By nature, most contractors are risk takers. To a contractor, calculated risk can be fortune’s accomplice. Failure to recognize, calculate and properly manage the risk inherent in any construction project can, however, lead to financial disaster for any one or all of the participants in a construction project. Once project risks are recognized, carefully drafted contract documents can help to allocate project risks between or among the various contracting parties. For example, common strategies for allocating project risks include the use of contractual indemnification provisions, requirements for builder’s risk and commercial general liability insurance policies, and requirements for performance bonds and payment bonds. Requiring performance and payment bonds on a project can provide significant protection against the downside risk of a failure to perform the work or failure to pay subcontractors and suppliers.
It is important to understand two types of bonds that you are likely to encounter on a construction project—performance and payment bonds—and to understand the relationship among the parties. There are three parties in the construction surety bond relationship: the surety, the principal and the obligee. The principal is the party obtaining the bond, typically the contractor or subcontractor. The obligee is the party to whom an obligation is owed under the bond, typically the owner or contractor. The surety is the party issuing the bond. The surety is bound to perform in accordance with the contract and the terms of the surety bond if the principal fails to perform. Performance bonds are obtained to ensure the contractor’s faithful performance of its contract with the owner or to ensure the subcontractor’s faithful performance of its subcontract with the contractor. Payment bonds are obtained to ensure payment to third party “claimants” who furnish labor, material or equipment on a project.

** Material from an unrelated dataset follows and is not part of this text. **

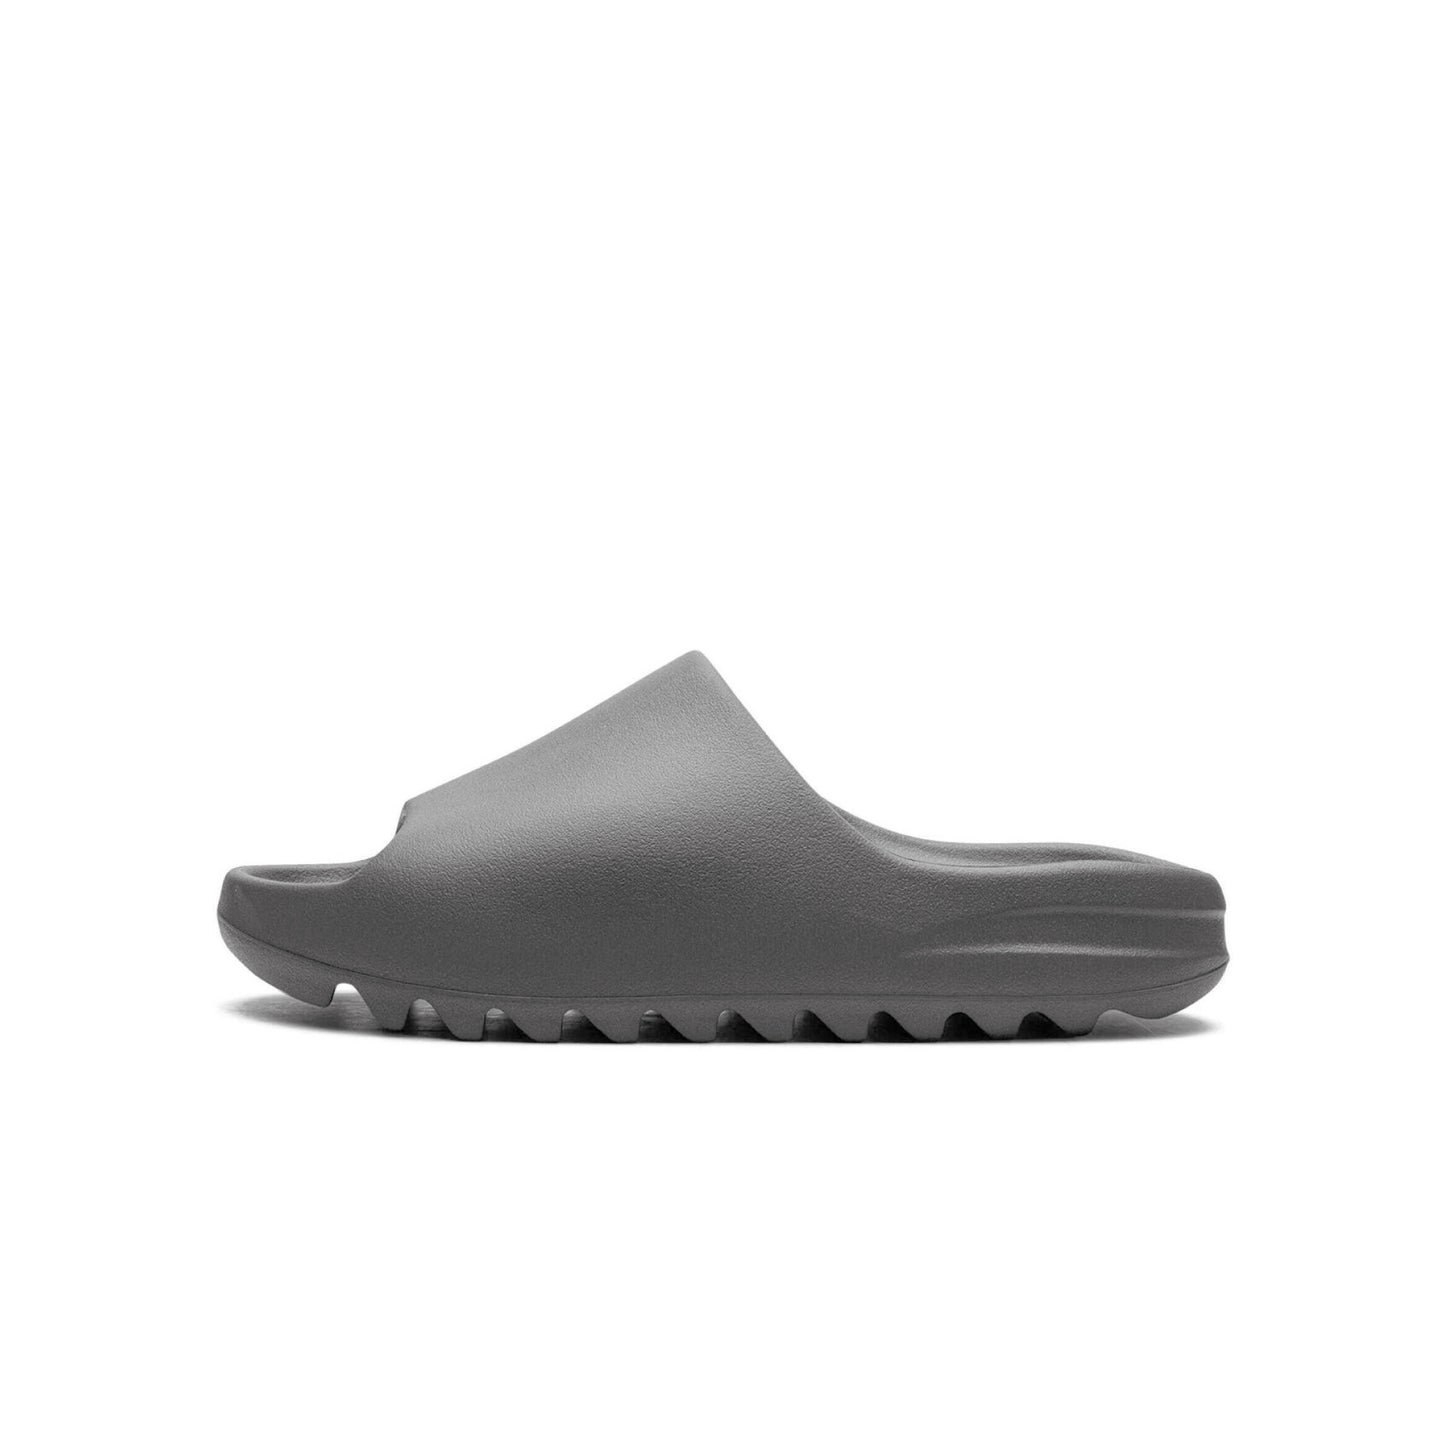 Adidas Yeezy Slide Granite - 48h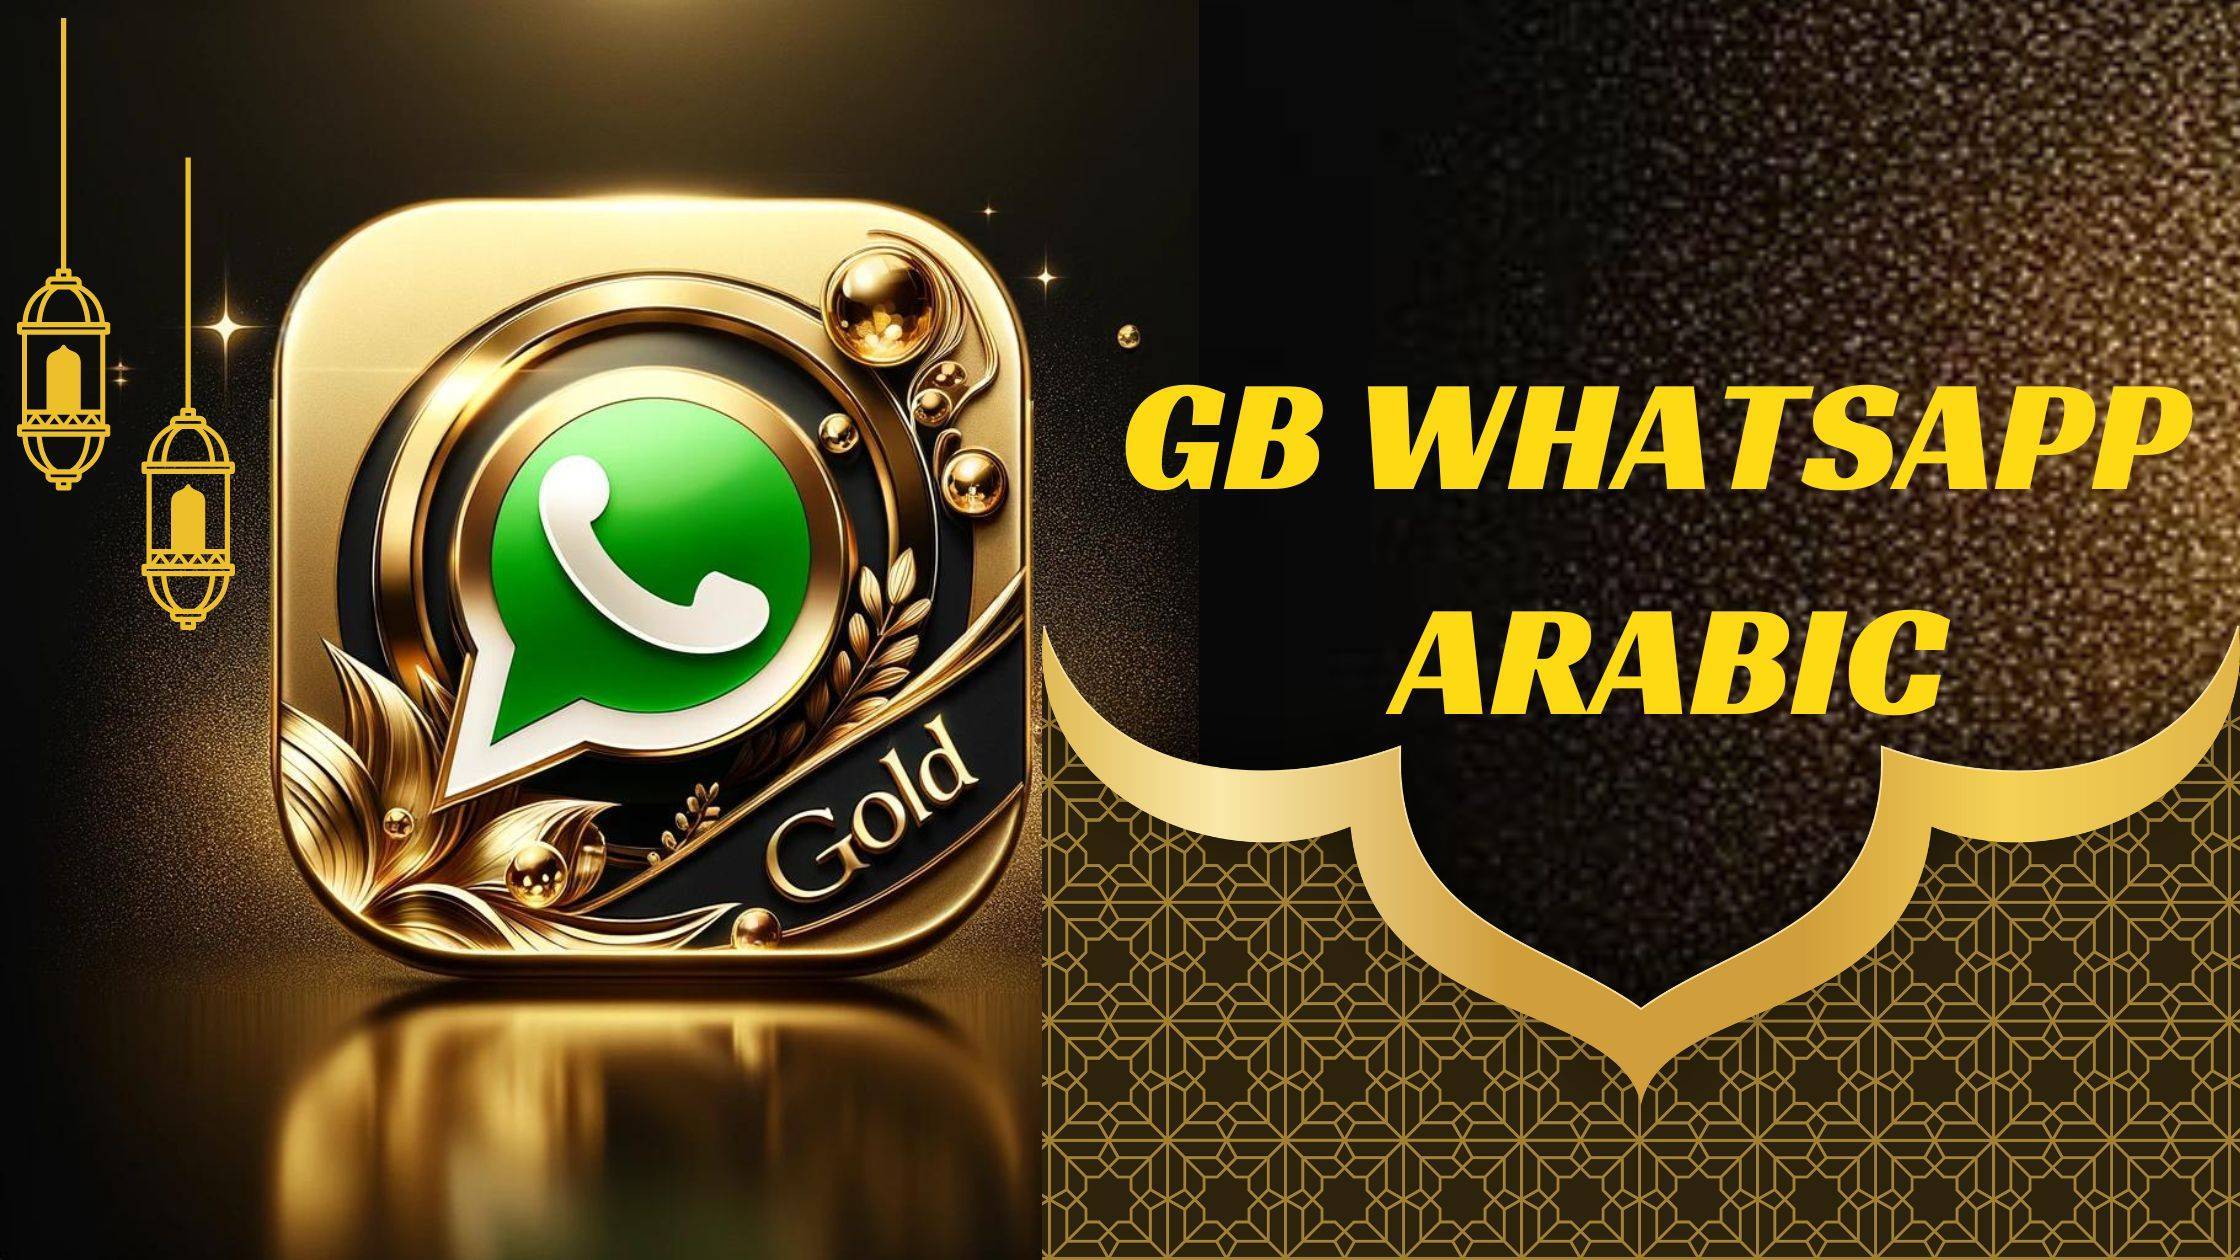 GB WhatsApp Arabic

A performance bond is a project specific contractual agreement between a contractor and a surety by which the surety guarantees to arrange for the completion of a contract if the contractor runs into trouble and fails to complete the project. A performance bond is intended for the protection of the owner (or of the contractor, if dealing with a performance bond provided by a subcontractor). A performance bond is different from a payment bond in that a performance bond is not intended to protect unpaid subcontractors or suppliers.
A payment bond is a project specific contractual agreement between a contractor and a surety by which the surety guarantees payment for the labor and materials contracted for and used by the contractor on the project. It is a guarantee of payment that is intended to benefit and protect subcontractors and suppliers if the contractor (bond principal) fails to pay for the labor or materials furnished on the project. A payment bond differs from a performance bond in that the payment bond does not directly protect the owner. While the owner may make a claim against a prime contractor’s performance bond, an owner does not typically furnish labor, material or equipment on a project with the expectation of payment under the prime contract and thus would not be a claimant under the prime contractor’s payment bond.
Given the important protection provided by a payment bond, subcontractors and suppliers who may be potential claimants under a payment bond should request and obtain a copy of the payment bond at the outset of the project—well before there are payment problems. Potential claimants should carefully review and become familiar with the terms of the payment bond and the requirements for asserting a claim against the bond if it becomes necessary.
You should be aware that both performance and payment bonds involve various notice and timing requirements relating to asserting claims and initiating mediation, arbitration or litigation. It is critical to identify all timing and notice requirements and to then strictly follow these requirements. Failure to comply with notice and timing requirements may bar an otherwise valid claim.
You should familiarize yourself with any state and federal bond statutes that are applicable to your project and determine whether the applicable state or federal statute requires posting of a performance and payment bond. Importantly, the applicable state or federal statute involved, together with court decisions interpreting the respective statutes, will dictate which project participants may recover under the bonds and what procedures must be followed to perfect your claim against the bond. It may be helpful to seek the advice of competent construction law counsel at the outset of a project and, certainly, upon the first hint of trouble on the project.